Luckily, Boice has a different perspective on imagination and what it is good for and how it can be used to journey to comfort and fluency. I'll echo one of the comments one of Boice's writers made and say that imagination (especially this 'filing' form of imagination) is important for dissertation writers, but I can definitely see how this might apply to all writers bar-none.

The list on page 45 where Boice describes the HOW of finding imagination was particularly interesting to me. The way he describes the marination between two different things (ideas, texts, artifacts, theories, etc) really struck home with me because I often find myself saying this to my students. I don't want them to completely re-write the book when they're writing, but I do want them to be aware that the simple fact of putting their own perspective on two texts makes it a new idea. This seems like an important fact for me to keep in mind as well. This is exemplified by Boice in #4 in his list on 45, "Integrating new and old materials into files can be aided by playfully casting ideas into types". This play is integral for finding the new (no matter how mundane) in the topic you're collecting materials for.
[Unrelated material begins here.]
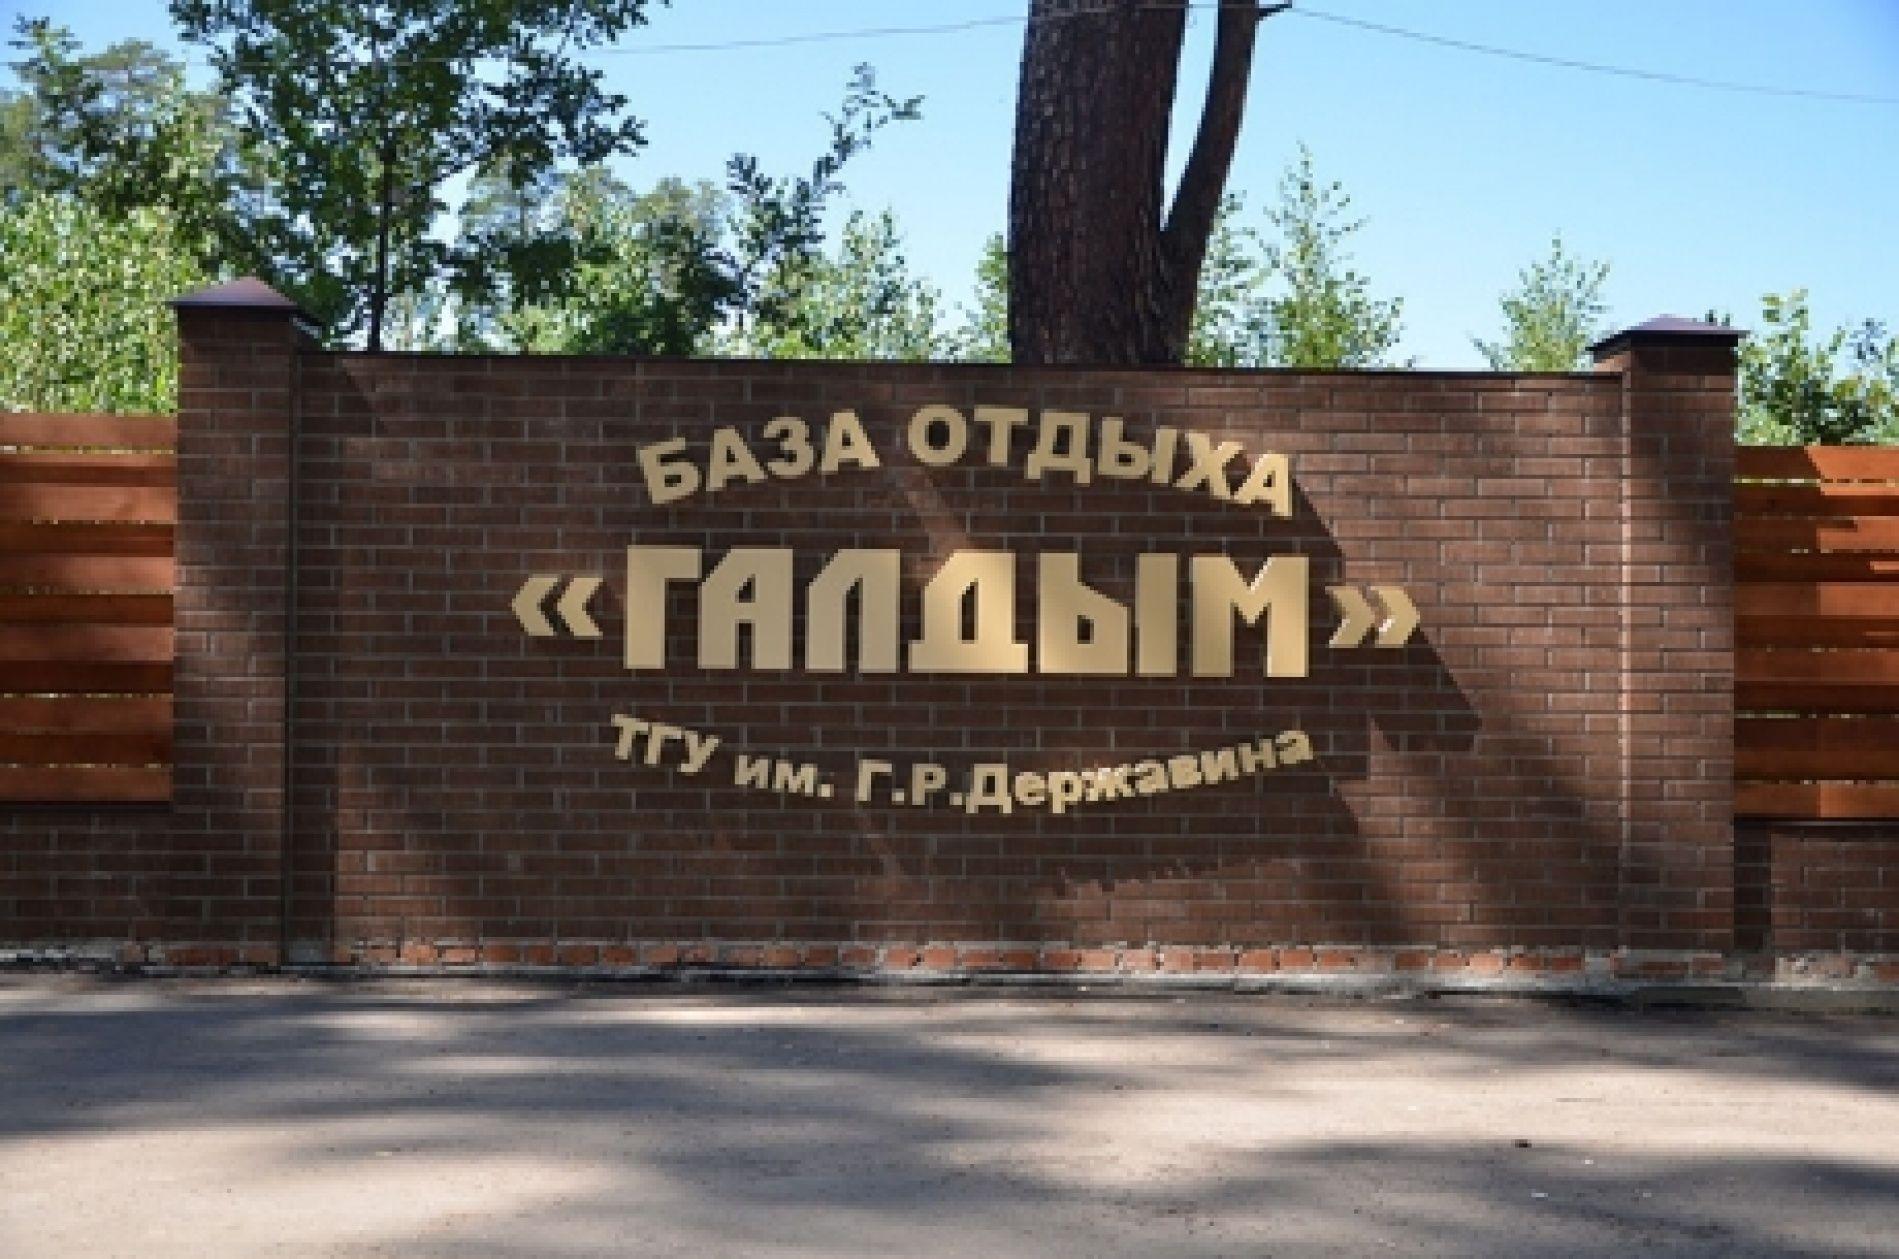 """База отдыха """"Галдым"""" Тамбовская область, фото 1"""

The other list Boice brings up, the list of methods for bolstering the imaginative impulse, is interesting and a necessary addition for the skeptical reader like me. I was especially interested in this section because that is often one of the blocks that disrupts my regular progress in writing. Finding and reading materials is one thing (sort of an easy thing in this day and age of immediate information accessibility), but the steps between finding and writing about them have always been a little blurry to me. I appreciate this list because Boice gives some practical and concrete suggestions, as well as some more theoretic and abstract. Both of which are very important for me at this point in my process and I plan on coming back to this section again.

***Listening Notes****

Today I was in need of some outside stimuli as I read, but I didn't want anything too lyrical or new. I went back to one of my favorite instrumental bands, Bela Fleck and the Flecktones, which features one of the greatest banjo players of all times. If you ever just want some really really good (and quirky) instrumental music, or if you ever want to see someone push the limits of the banjo, check out this band.